[SIGLEX-MWE] [PARSEME-ST] Training data released

SourceForge Headquarters 1320 Columbia Street Suite 310 San Diego, CA 92101 +1 (858) 422-6466

Dear all,

We are happy to announce the release of the training data for the PARSEME
shared task <http://multiword.sourceforge.net/sharedtask2017> on the
automatic detection of verbal multiword expressions (VMWEs):

https://gitlab.com/parseme/sharedtask-data/

We provide full training sets for 15 languages: Bulgarian (BG), Czech (CS),
German (DE), Greek (EL), French (FR), Hebrew (HE), Hungarian (HU), Italian
(IT), Lithuanian (LT), Maltese (MT), Polish (PL), Brazilian Portuguese
(PT), Romanian (RO), Slovene (SL), Turkish (TR).

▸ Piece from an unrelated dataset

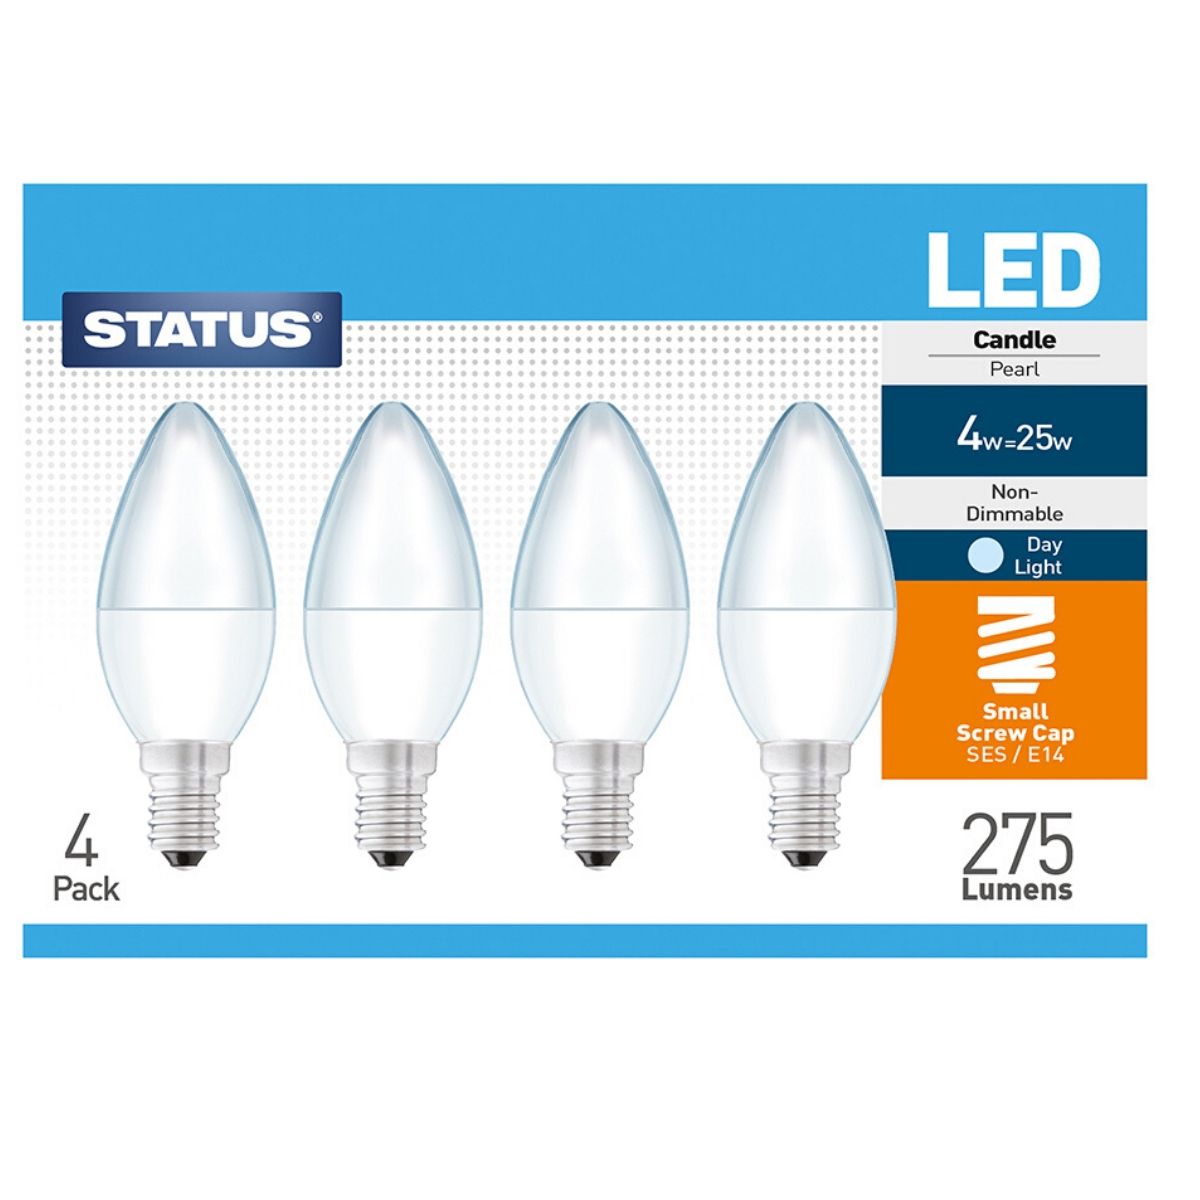 View 4 x E14 LED Candle Bulbs 4w information

For 2 languages, we intend to provide only test data, but the trial data is
available for training: Spanish (ES), Swedish (SV). One language's release
has been postponed: Farsi (FA).

Most datasets include two files, a *train.parsemetsv* (conforming to
the parseme-tsv
format
<http://typo.uni-konstanz.de/parseme/index.php/2-general/184-parseme-shared-task-format-of-the-final-annotation>)
containing the VMWE annotations, and a companion file in a CONLL-U
<http://universaldependencies.org/format.html>-compatible format with
morphosyntactic and/or syntactic information. Both can be used in the
closed track. The companion file is provided for all languages except BG,
ES, HE and LT.  Most annotations are available under open licenses, notably
various flavors of the Creative Commons license.

In total, we provide 225,008 sentences representing 4,394,338 tokens and
containing 49,340 annotated verbal multiword expressions. The table below
summarizes the sizes of the datasets per language.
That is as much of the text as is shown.